Cheng Hui, Chen Cheng, Wang Siyuan
Division of Nephrology, Wuhan University, Renmin Hospital , Wuhan , People's Republic of China.
Ren Fail. 2014 Sep;36(8):1322-7. doi: 10.3109/0886022X.2014.934694. Epub 2014 Jul 10.
To investigate the effect of urokinase-type plasminogen activator (uPA) on mesangial matrix in the kidney of diabetic rats and its related mechanisms.
Diabetic Sprague-Dawley (SD) rats induced by intraperitoneal injection of streptozotocin (STZ) were randomly and evenly divided into two groups: DM + vehicle, and DM + uPA (2500 U kg(-1) uPA via tail vein once a day for four weeks). The normal SD rats without diabetes were considered as control group. Rats in the three groups were executed and the heart blood was sampled for determination of blood glucose and serum creatinine. Meanwhile, kidney tissues of rats were also harvest for measurement of glomerular area, volume, and mesangial area by periodic acid silver methenamine (PASA) staining. The expression of urokinase-type plasminogen activator receptor (uPAR), plasminogen activator inhibitor-1 (PAI-1), and collagen IV in renal tissues was tested with immunohistochemistry.

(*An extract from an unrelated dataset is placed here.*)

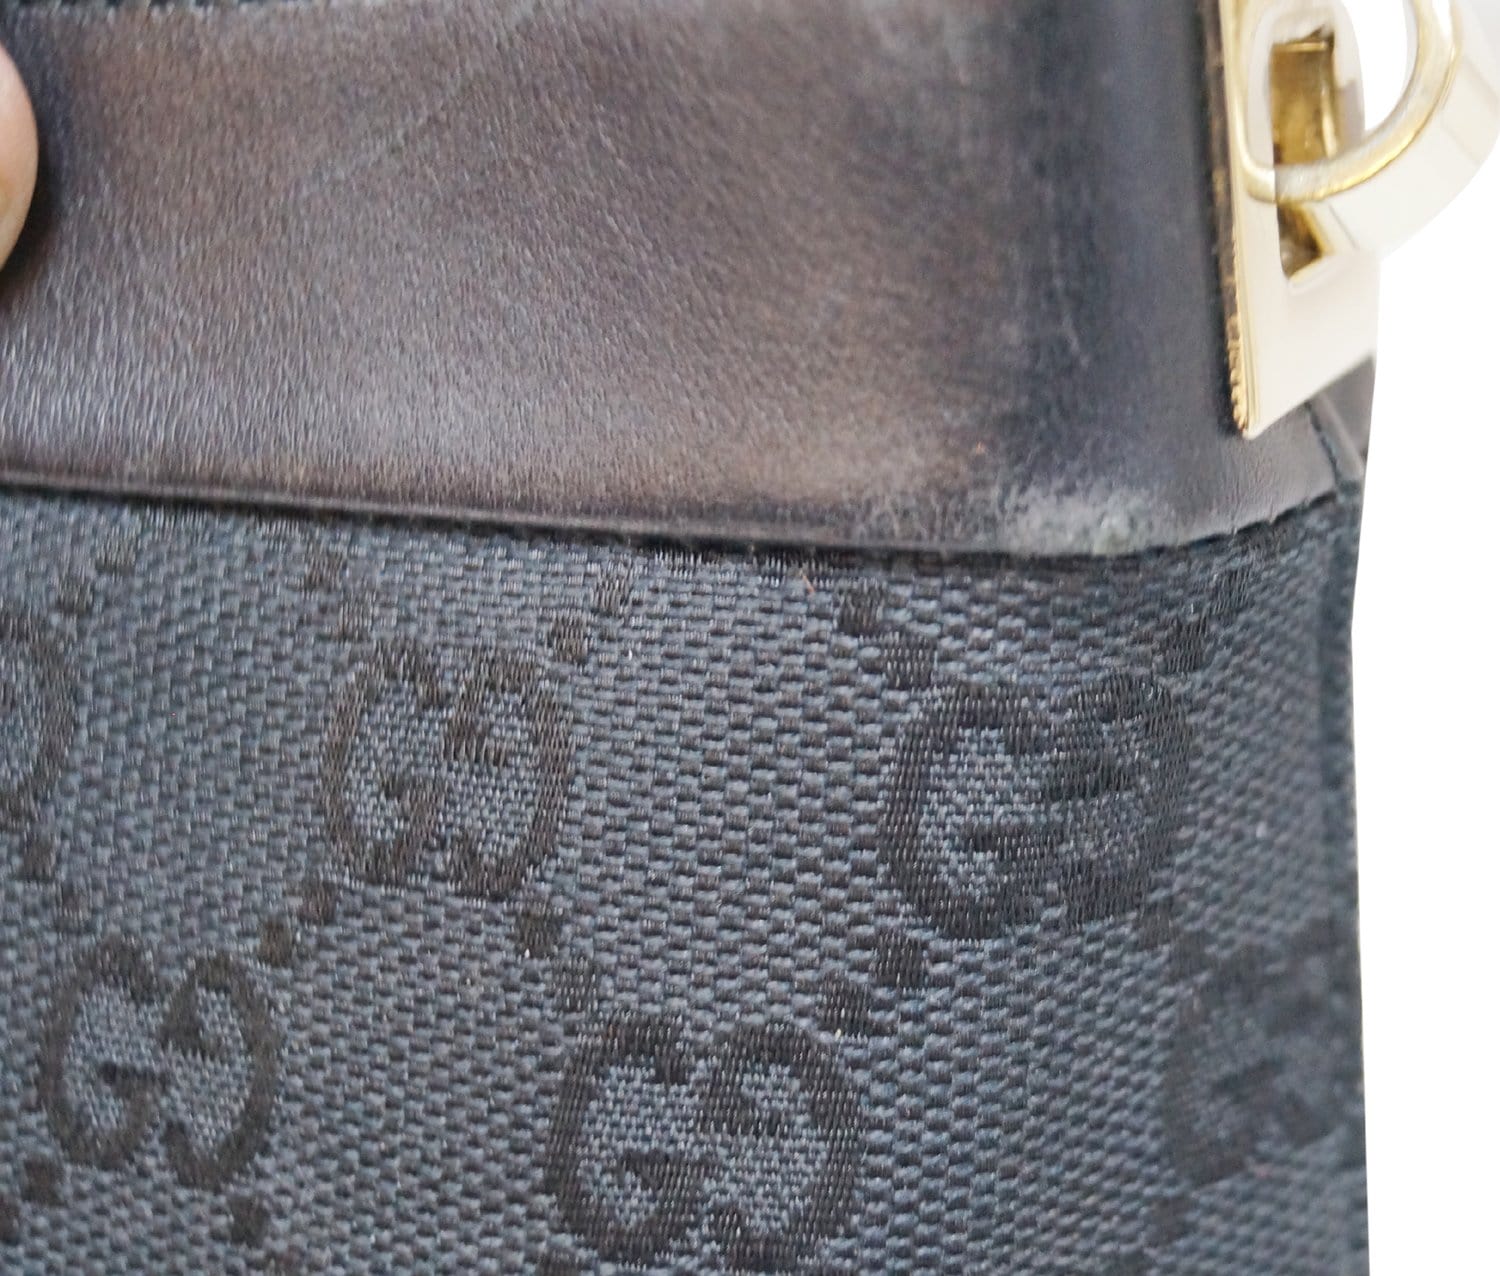 gucci black leather monogram bag

Compared with control, the DM rats had obvious albuminuria, significantly (p < 0.01) increased glomerular volume and mesangial matrix area, and significantly (p < 0.05) higher expression of uPAR, PAI-1 and collagen IV in mesangial matrix, significantly up-regulated (p < 0.05) glomerular uPAR, PAI-1, and collagen IV expression. After treated with uPA, the diabetic rats had significantly (p < 0.05) reduced albuminuria, significantly (p < 0.01) improved glomerular volume and mesangial matrix, significantly (p < 0.05) down-regulated PAI-1 and collagen IV expression in mesangial matrix. However, the uPAR expression in renal tissues were unchangeable (p > 0.05) and PAI-1 and collagen IV expression were significantly (p < 0.05) reduced when diabetic rats were treated with uPA.

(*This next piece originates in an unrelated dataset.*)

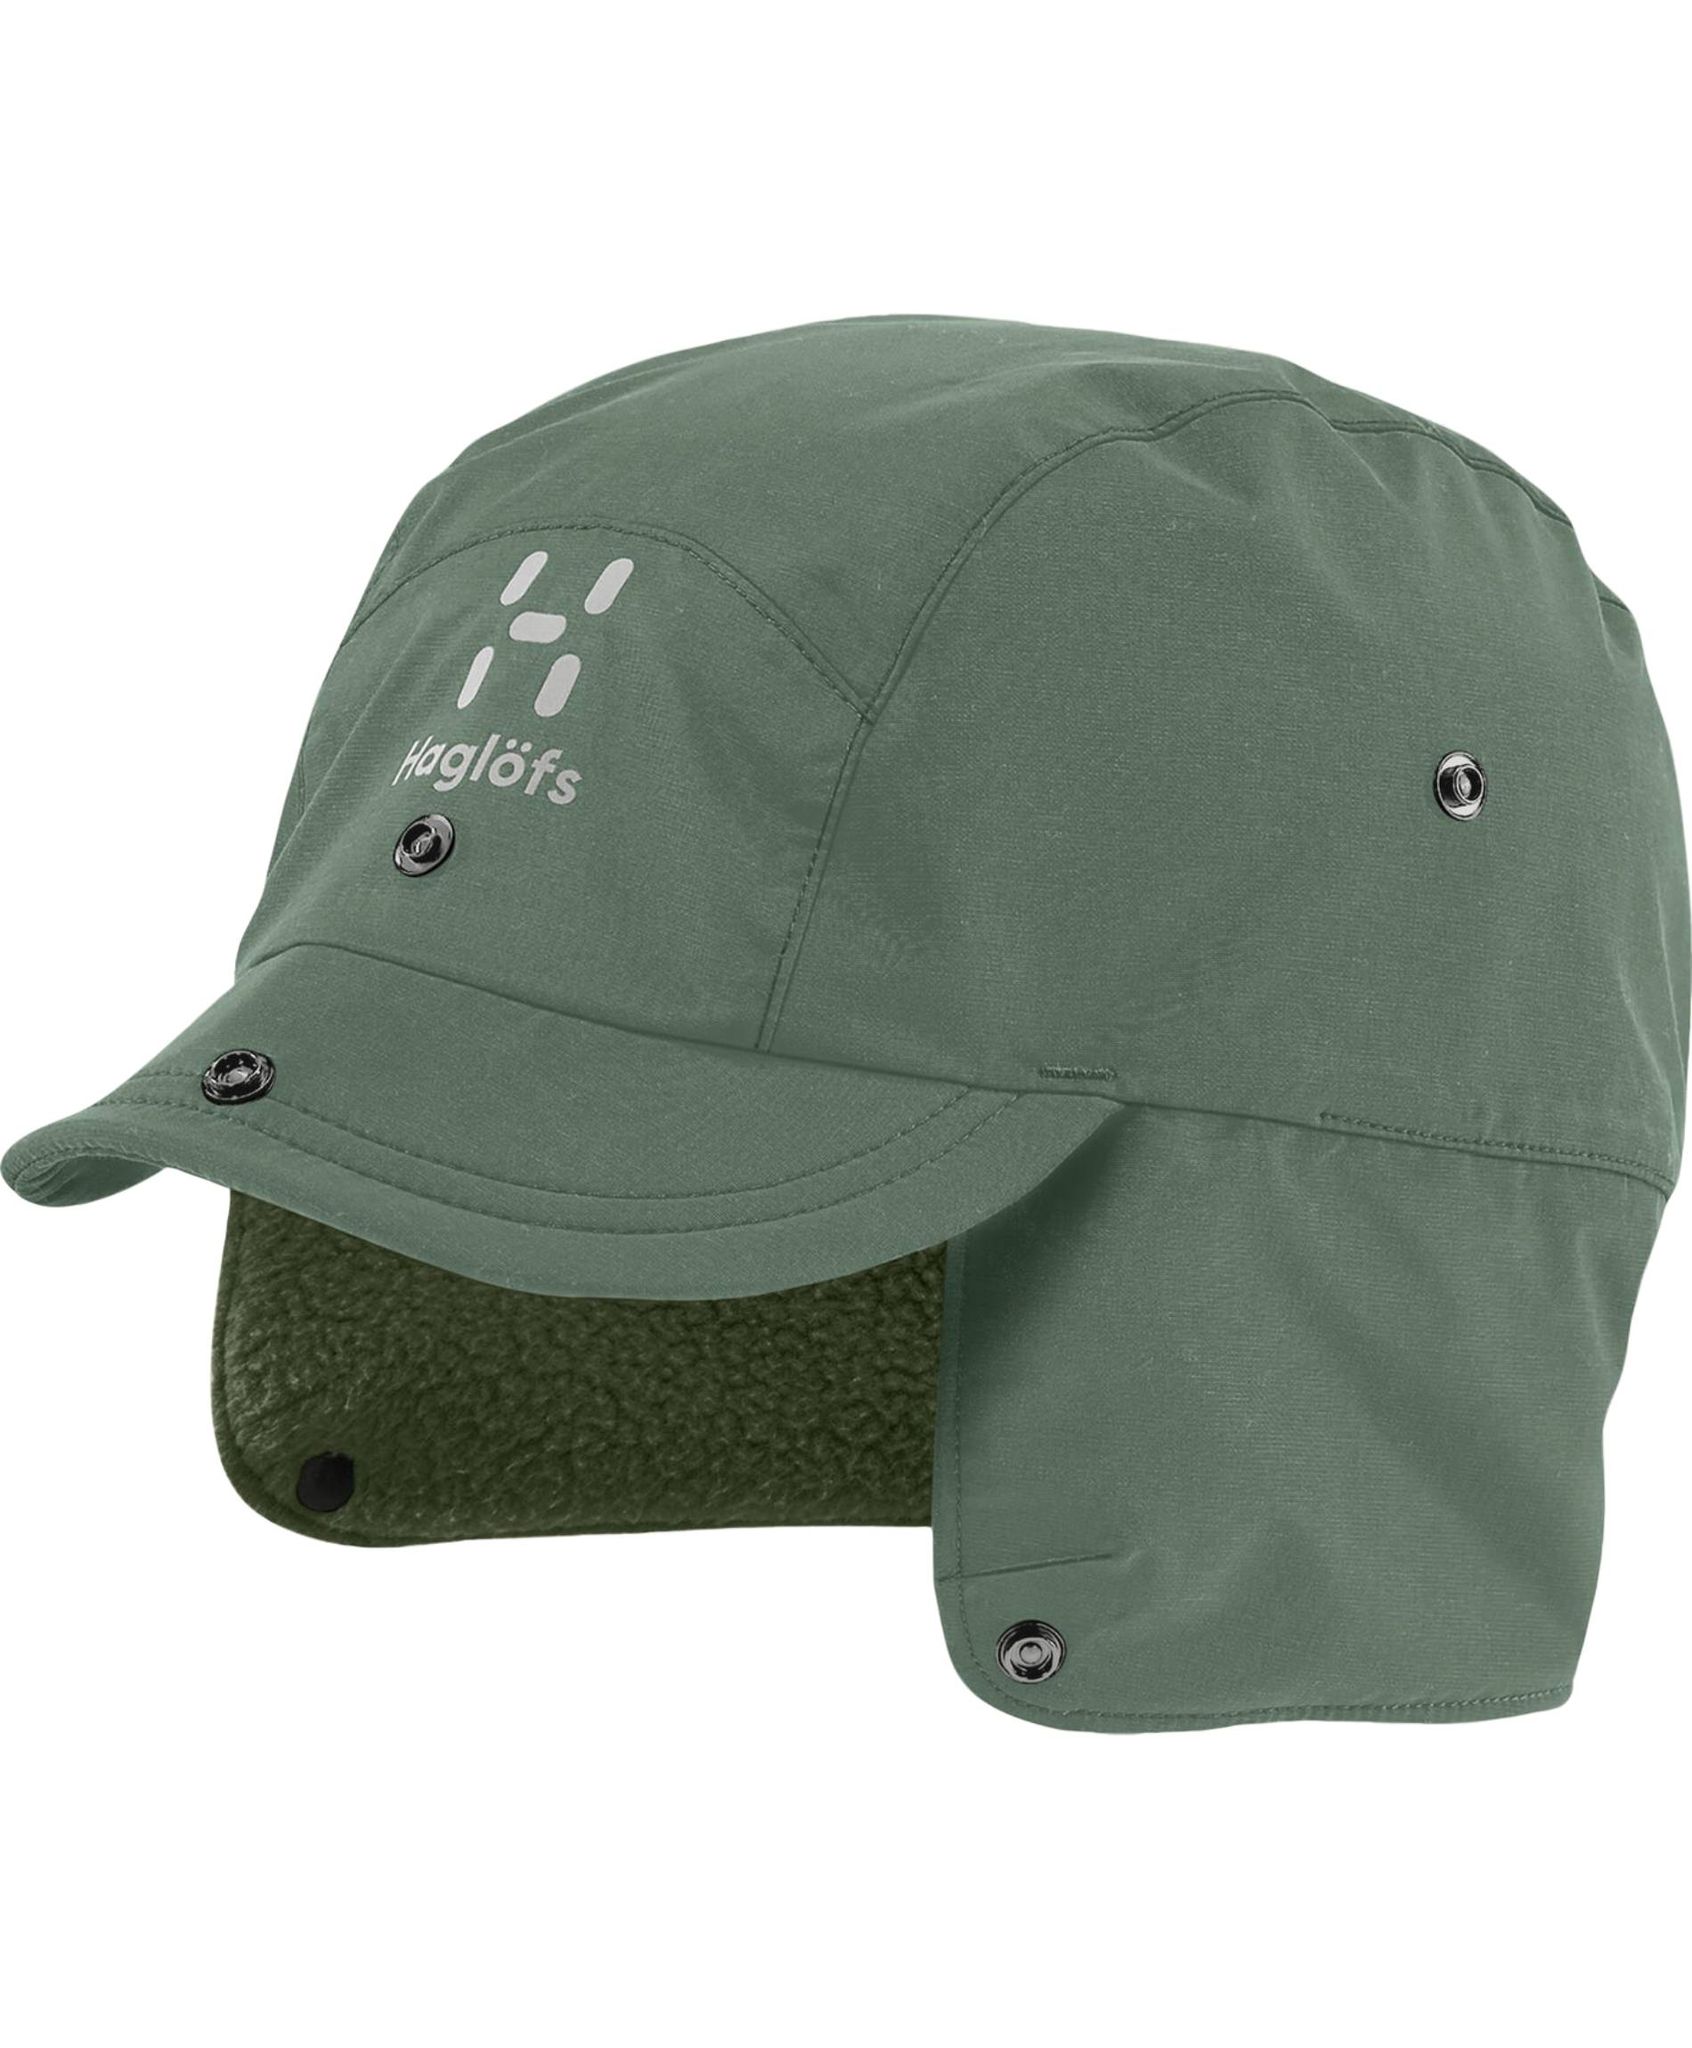 HAGLÖFS MOUNTAIN CAP, Fjell Green/Seaweed Green, S

uPA can down-regulate glomerular PAI-1 expression in the DM rats but not significantly influence uPAR expression, suggesting that uPA might regulate the mesangial cell (MC) and its matrix expression and improve diseased diabetic mesangial matrix via its combination with uPAR to uptake PAI-1 and accelerate its degradation.
探讨尿激酶型纤溶酶原激活剂(uPA)对糖尿病大鼠肾脏系膜基质的影响及其相关机制。
将腹腔注射链脲佐菌素(STZ)诱导的糖尿病斯普拉格-道利(SD)大鼠随机均分为两组:糖尿病+溶剂组和糖尿病+uPA组(通过尾静脉每天注射1次2500 U/kg uPA,共4周)。将未患糖尿病的正常SD大鼠作为对照组。处死三组大鼠,采集心脏血液测定血糖和血清肌酐。同时,也采集大鼠肾脏组织,通过高碘酸银甲胺(PASA)染色测量肾小球面积、体积和系膜面积。用免疫组织化学法检测肾组织中尿激酶型纤溶酶原激活剂受体(uPAR)、纤溶酶原激活物抑制剂-1(PAI-1)和IV型胶原的表达。

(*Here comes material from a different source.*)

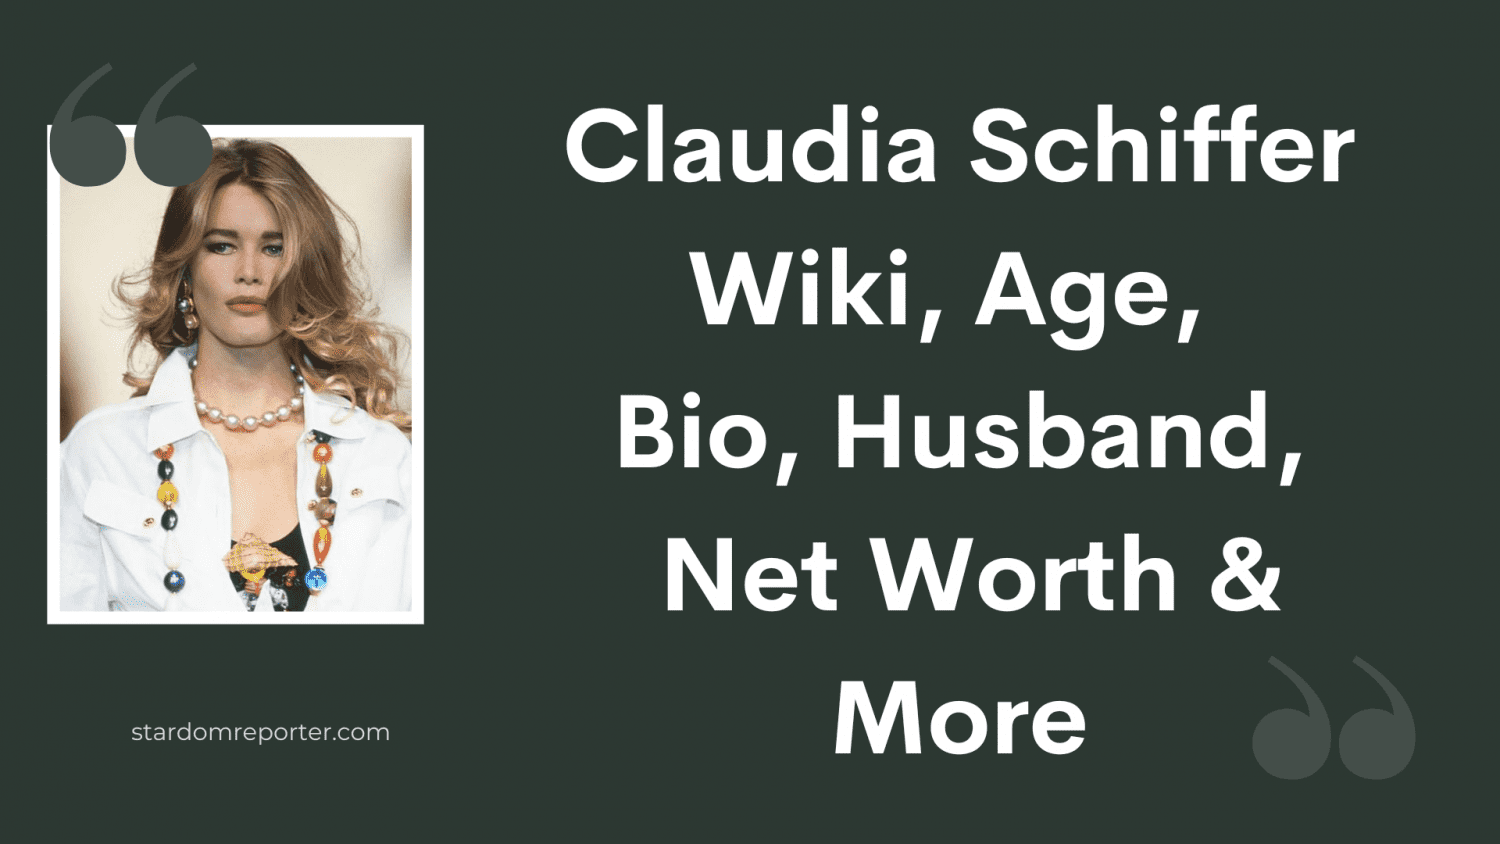 Claudia Schiffer Wiki, Age, Bio, Husband, Net Worth & More - 1

与对照组相比,糖尿病大鼠有明显蛋白尿,肾小球体积和系膜基质面积显著增加(p<0.01),系膜基质中uPAR、PAI-1和IV型胶原的表达显著升高(p<0.05),肾小球uPAR、PAI-1和IV型胶原表达显著上调(p<0.05)。用uPA治疗后,糖尿病大鼠蛋白尿显著减少(p<0.05),肾小球体积和系膜基质显著改善(p<0.01),系膜基质中PAI-1和IV型胶原表达显著下调(p<0.05)。然而,糖尿病大鼠用uPA治疗后,肾组织中uPAR表达无变化(p>0.05),PAI-1和IV型胶原表达显著降低(p<0.05)。
uPA可下调糖尿病大鼠肾小球PAI-1表达,但对uPAR表达无显著影响,提示uPA可能通过与uPAR结合摄取PAI-1并加速其降解来调节系膜细胞(MC)及其基质表达,改善糖尿病系膜病变基质。